=== Collected material ===
::::::::

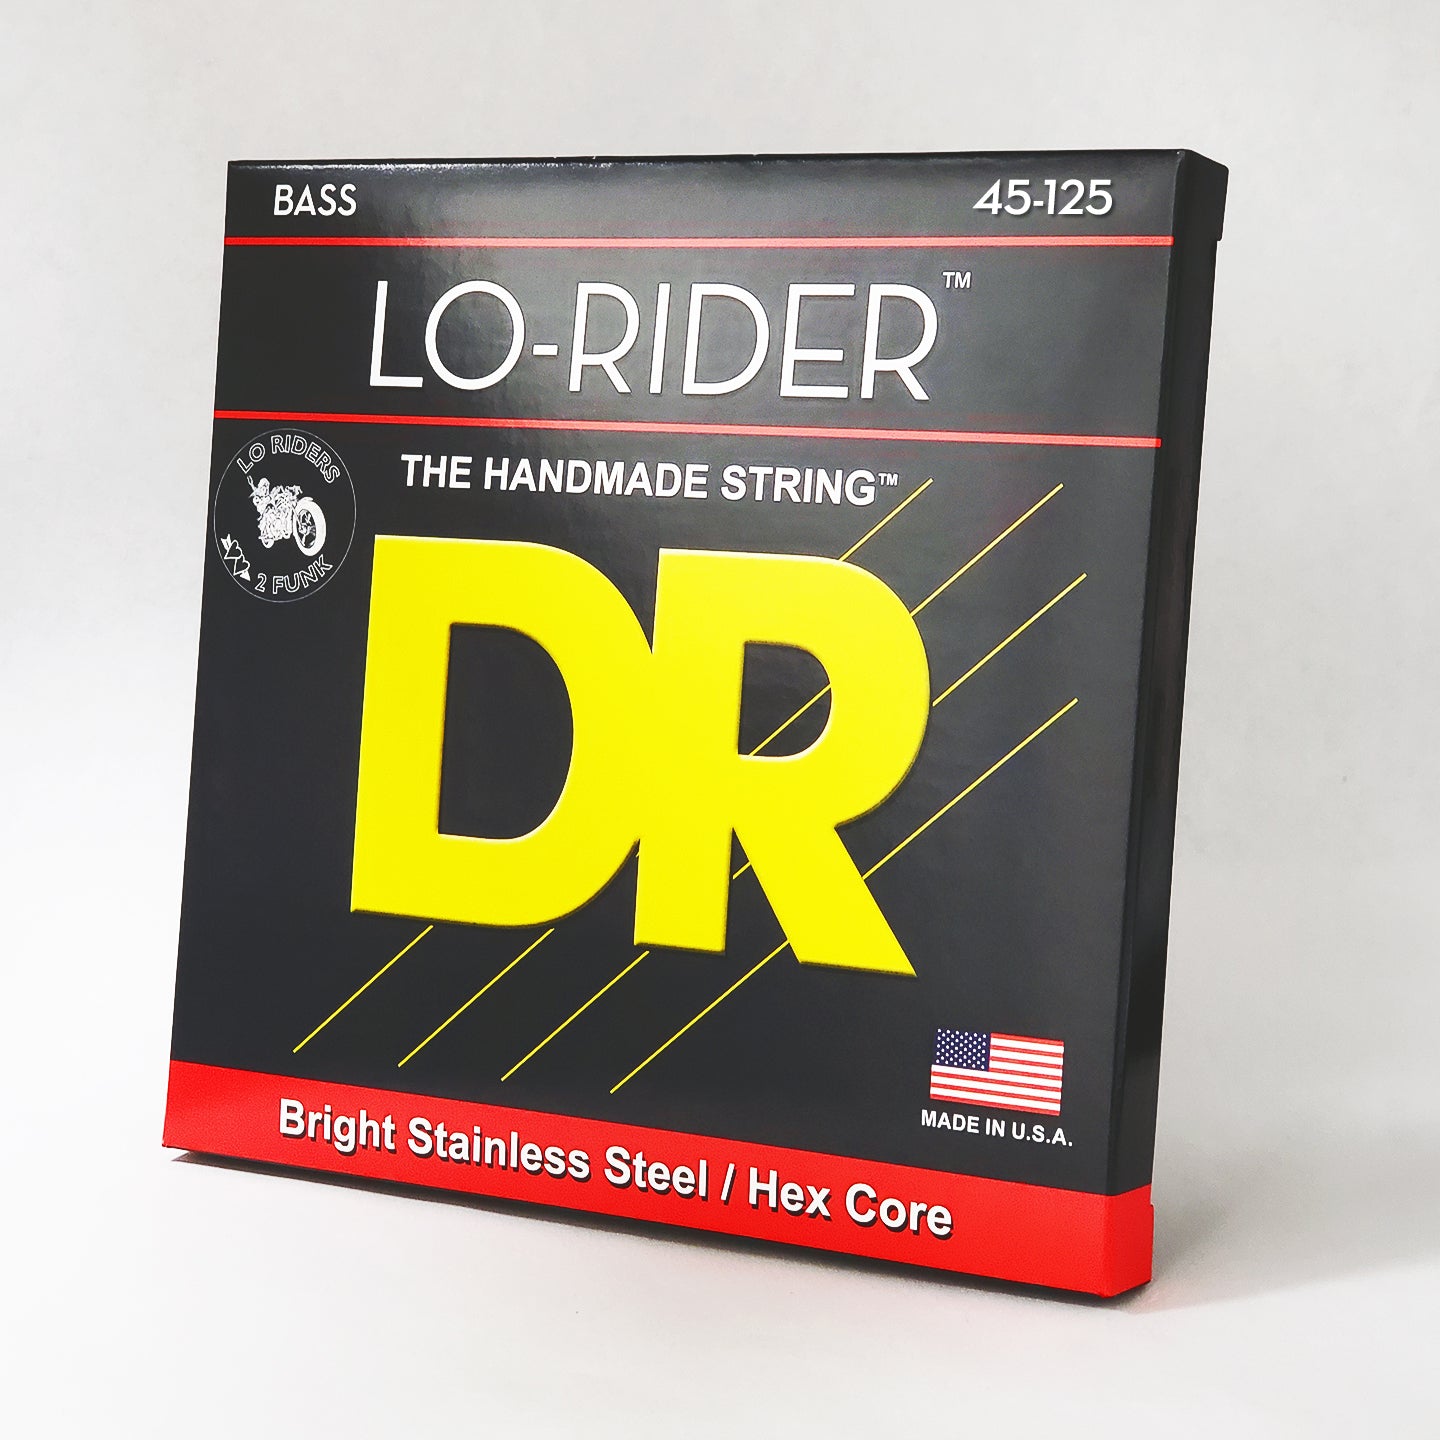 DR MH5-45 LO-RIDER Bass Strings. 5-String 45-125
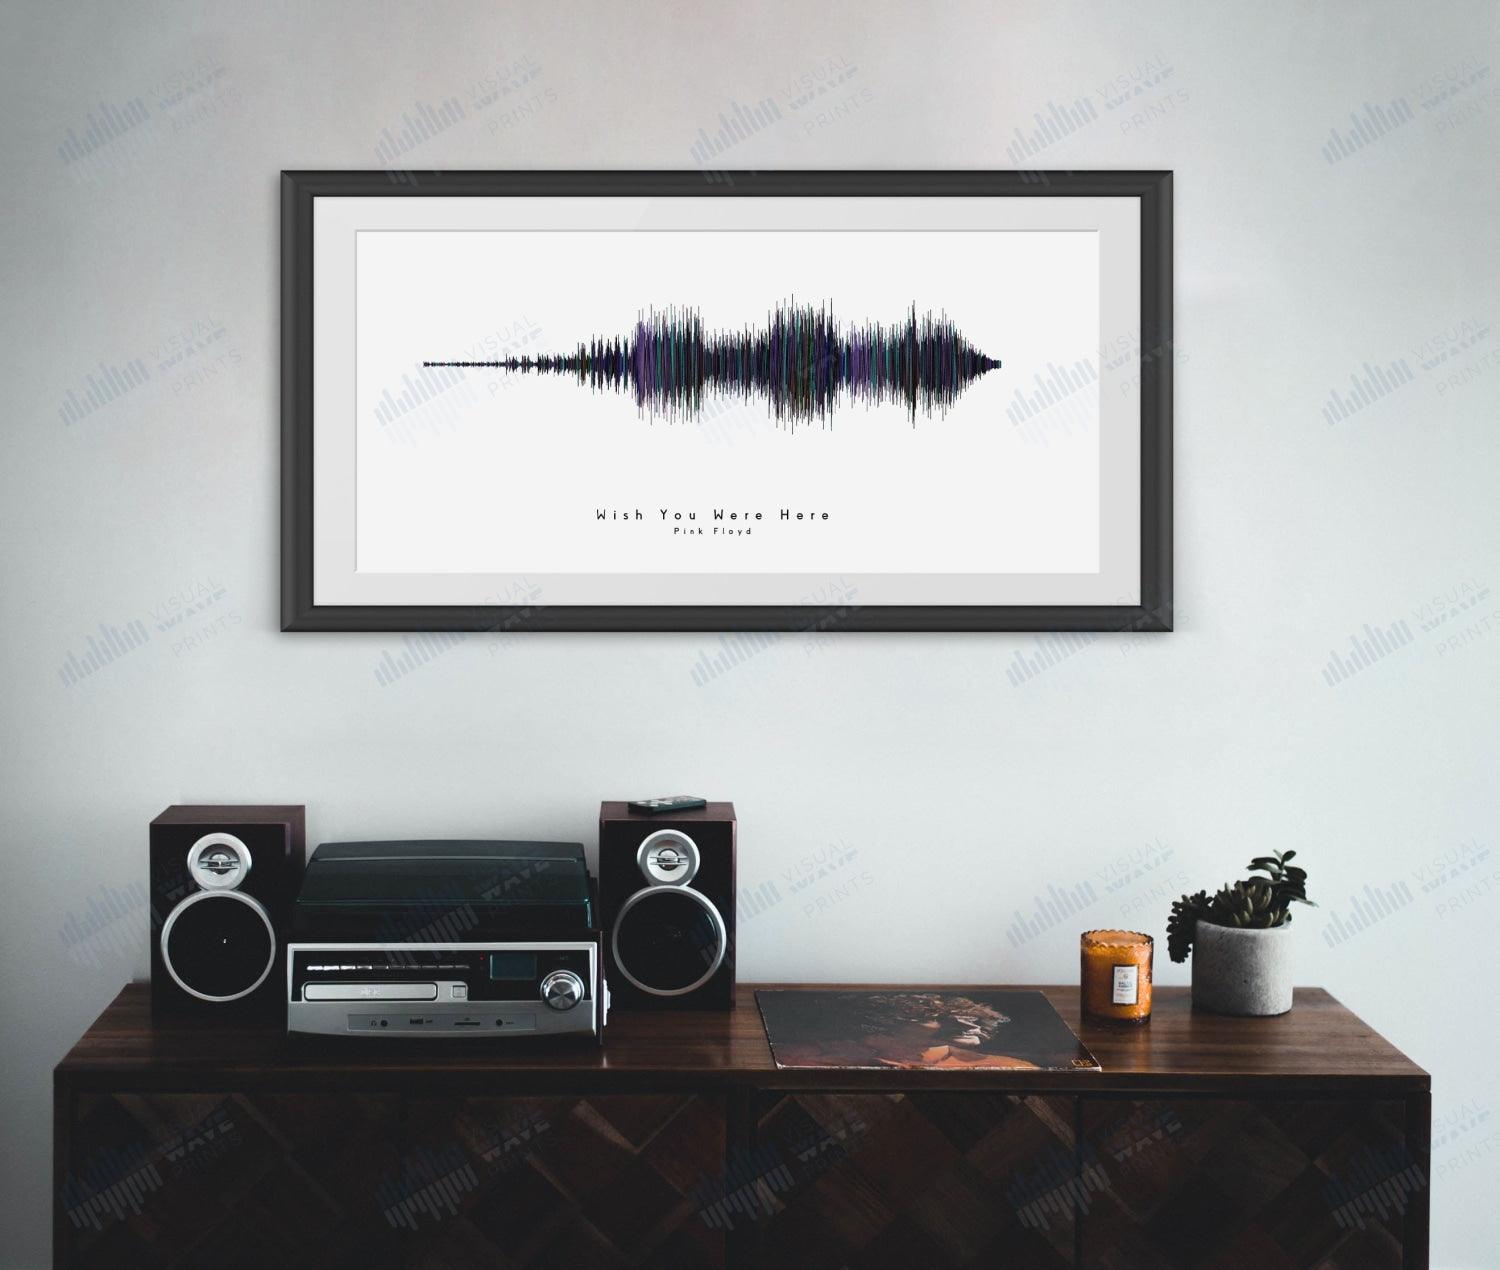 Wish You Were Here by Pink Floyd - Visual Wave Prints
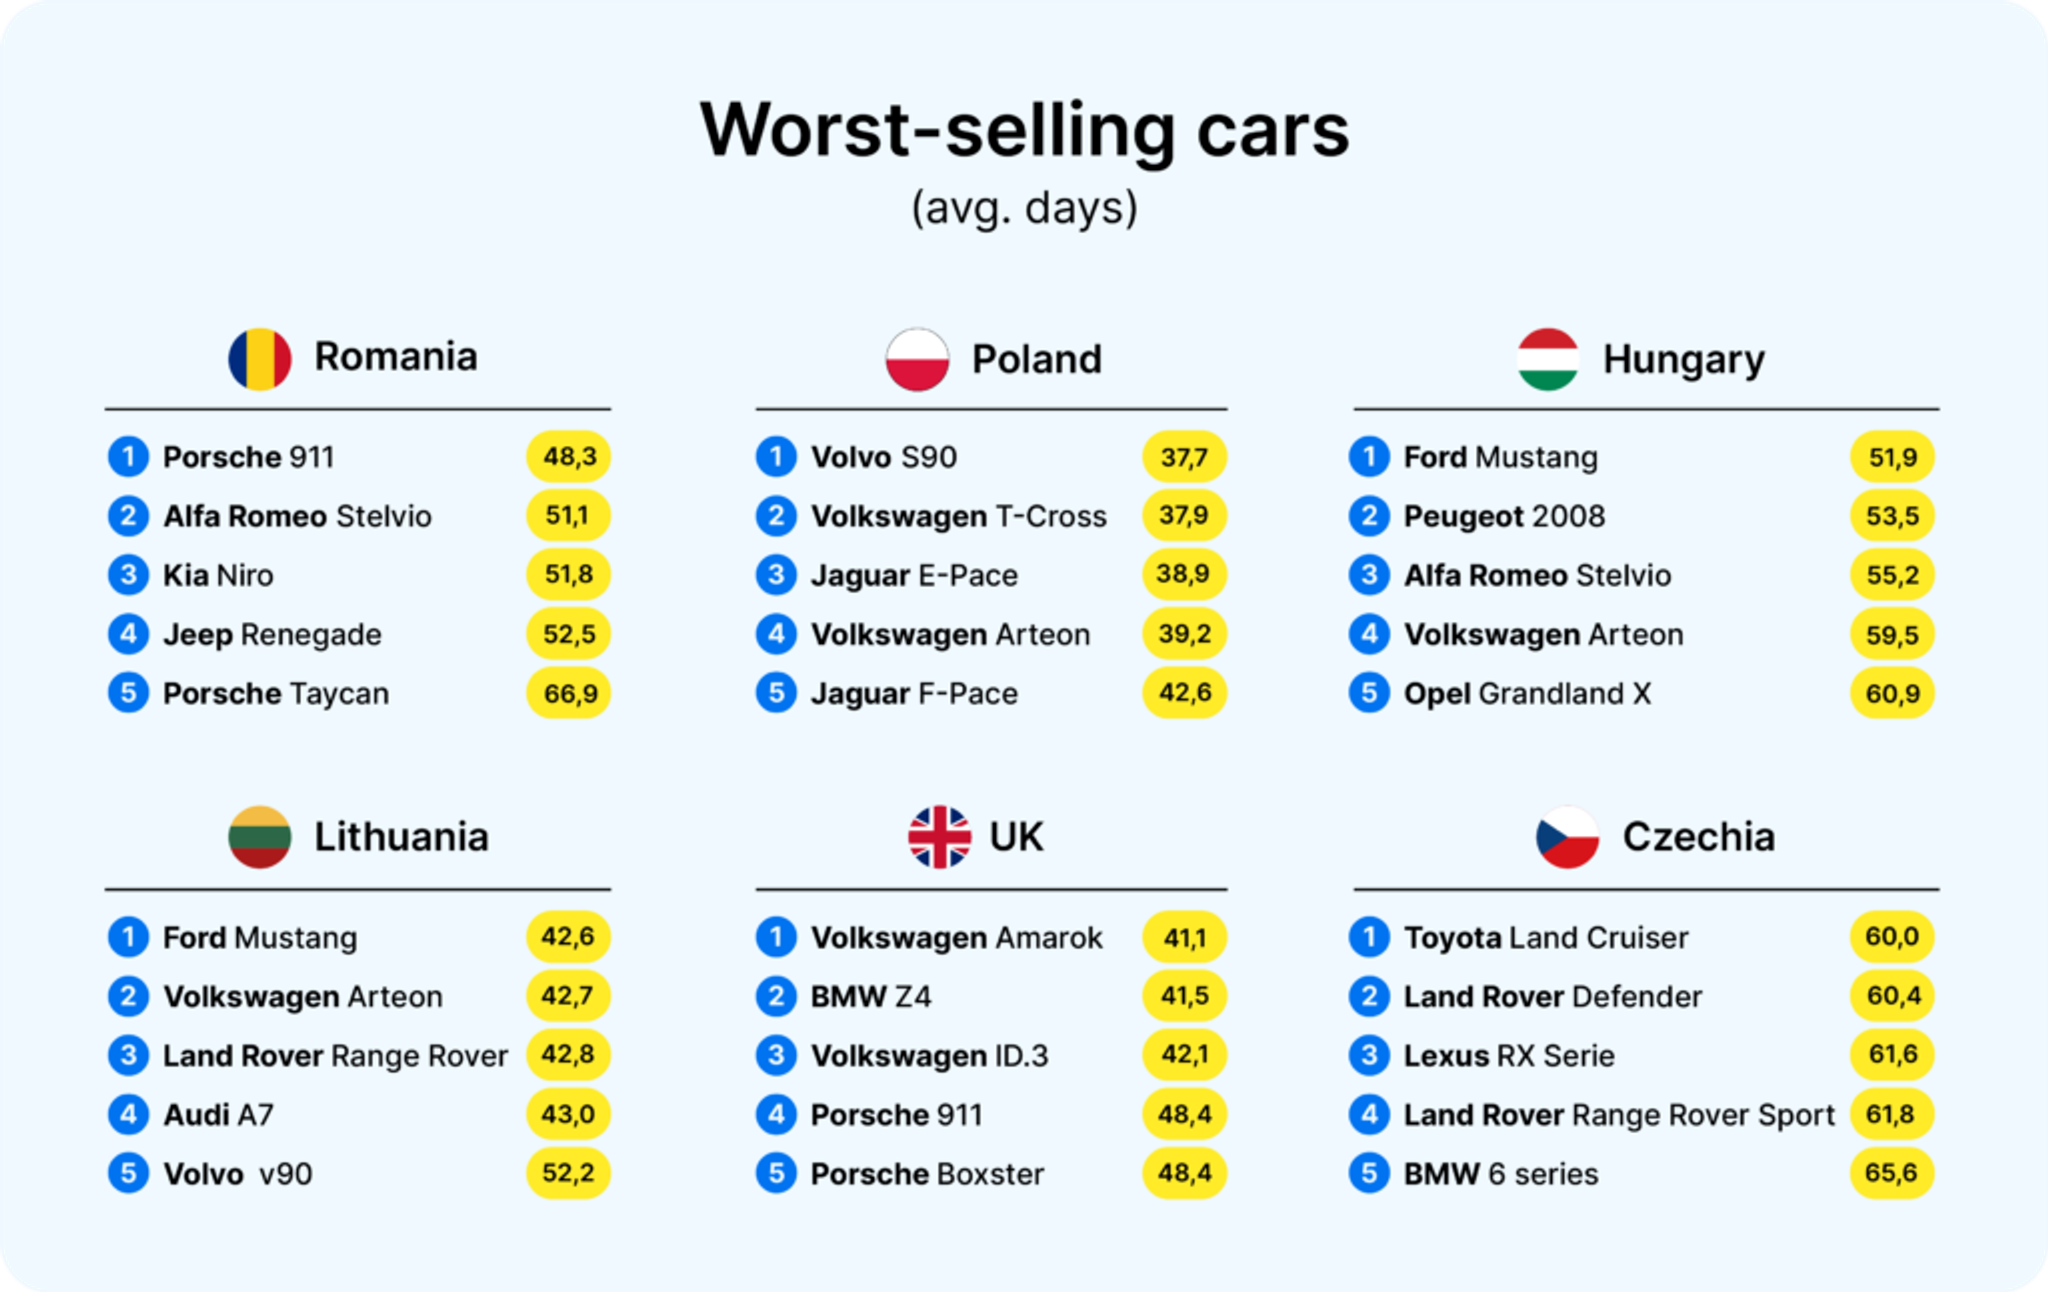 slowest-selling cars
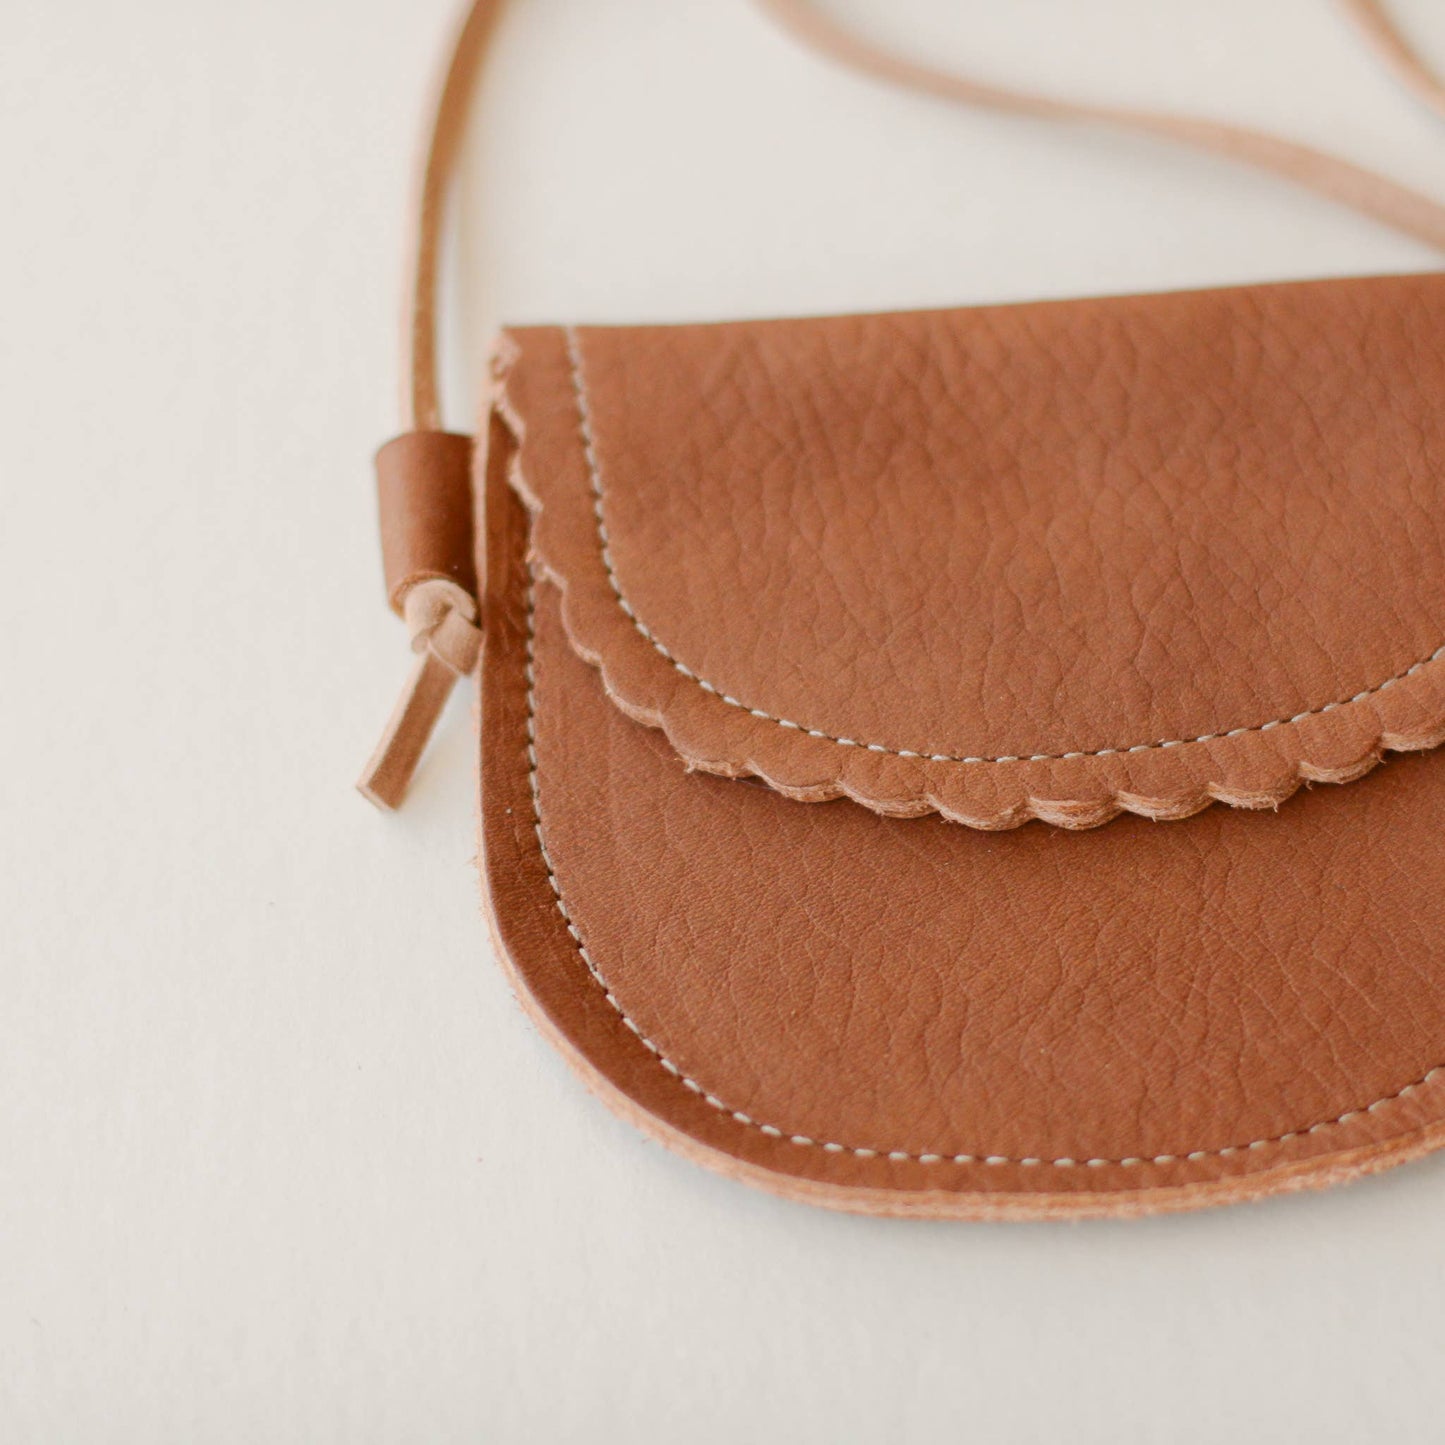 Toddler Scalloped Leather Purse in Walnut

::::::::

=== Directions ===
Restate the entire listing word for word, excluding pictures.

=== Your response ===
 DR MH5-45 LO-RIDER Bass Strings. 5-String 45-125
 Wish You Were Here by Pink Floyd - Visual Wave Prints
 slowest-selling cars
 Toddler Scalloped Leather Purse in Walnut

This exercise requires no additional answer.